The severity of intimidation in construction was recently brought to her attention during a training session in Texas. The towerhand has been in the industry for eight years and wanted to share his experience and quickly found out others had seen the same behavior. Gill said the tech, upon introducing himself at the job site was put under pressure to perform unsafe acts on the job.  

“My student sent me a photo of him when he first started,” Gill said, “and had to promise to never show his face, but bring awareness to something he has not forgotten. He was ‘bullied’ into taking his harness off while on the tower because the rest of the crew had removed their PPE.” Gill said he refused and that’s when the name calling began. Finally, she said, he gave into the peer pressure. She said she’s heard many similar stories and others that have accepted intimidation as normal behavior and coercing a coworker into something that may cause harm to oneself. 

Gill said the intimidation factor can even follow a tower climber home, causing deeper anxiety and even depression.
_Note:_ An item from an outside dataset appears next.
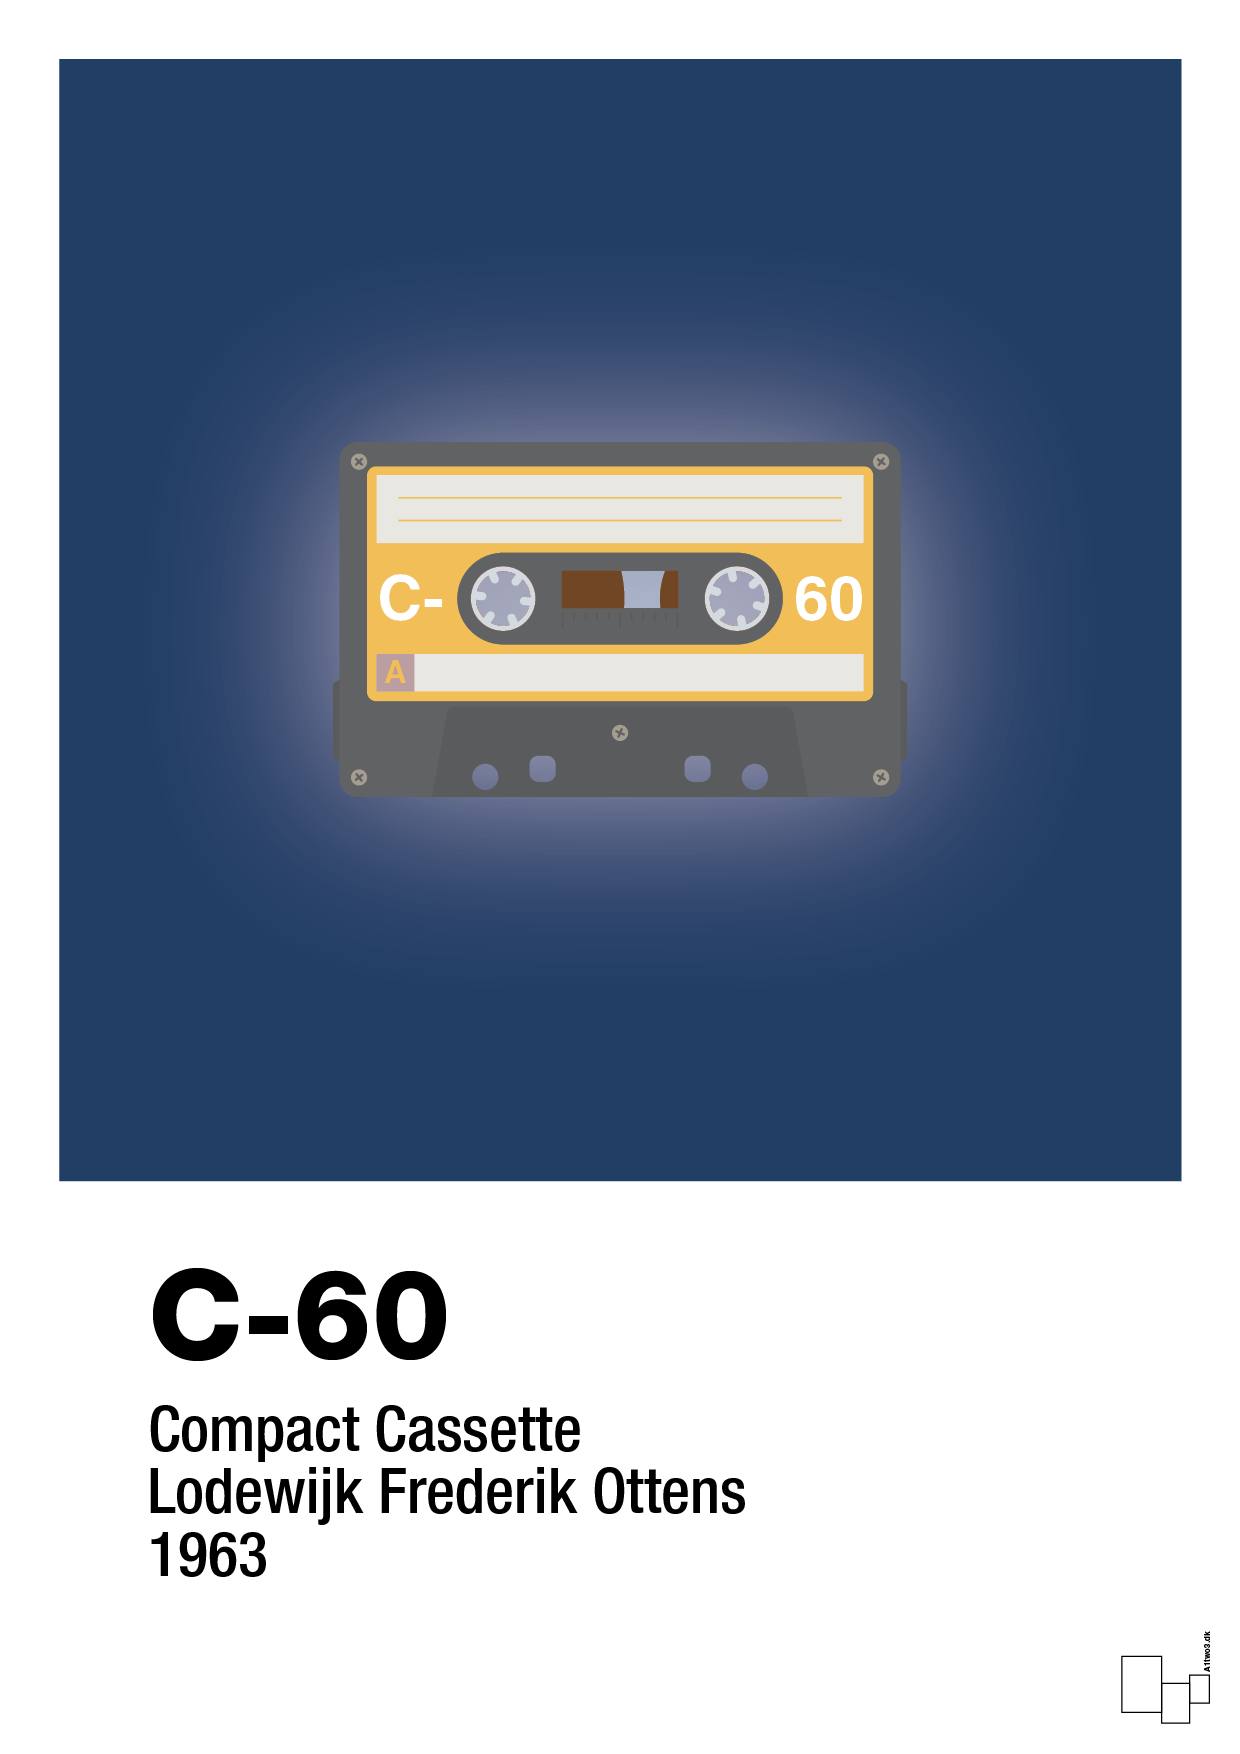 kassettebånd c-60 - Plakat med Grafik i Lapis Blue

She cited statistics from the construction industry that touch on the same dynamics found in the tower industry and their saddest result, suicide. One study* on intimidation showed that 18 percent of bully-victims, 13 percent  of bullies, and 10 percent of victims experienced depression. According to the U.S. Centers for Disease Control and Prevention. the construction and extraction industries have the second-highest rate of suicide: 53.3 per 100,000 workers. 

“In construction, and tower construction is no exception,” Gill said, “employees have too much or too little work to do. Along with deadlines, physical demands of the job, extreme working conditions, lack of management support, unclear communication and engineering already approved construction drawings, it can get to be too much.”

Gill said German psychologist Kurt Lewin, wrote that behavior is a function of the interaction between the individual and his or her environment. “Addressing the behavior starts with the interaction between all of us and the environment,” she said.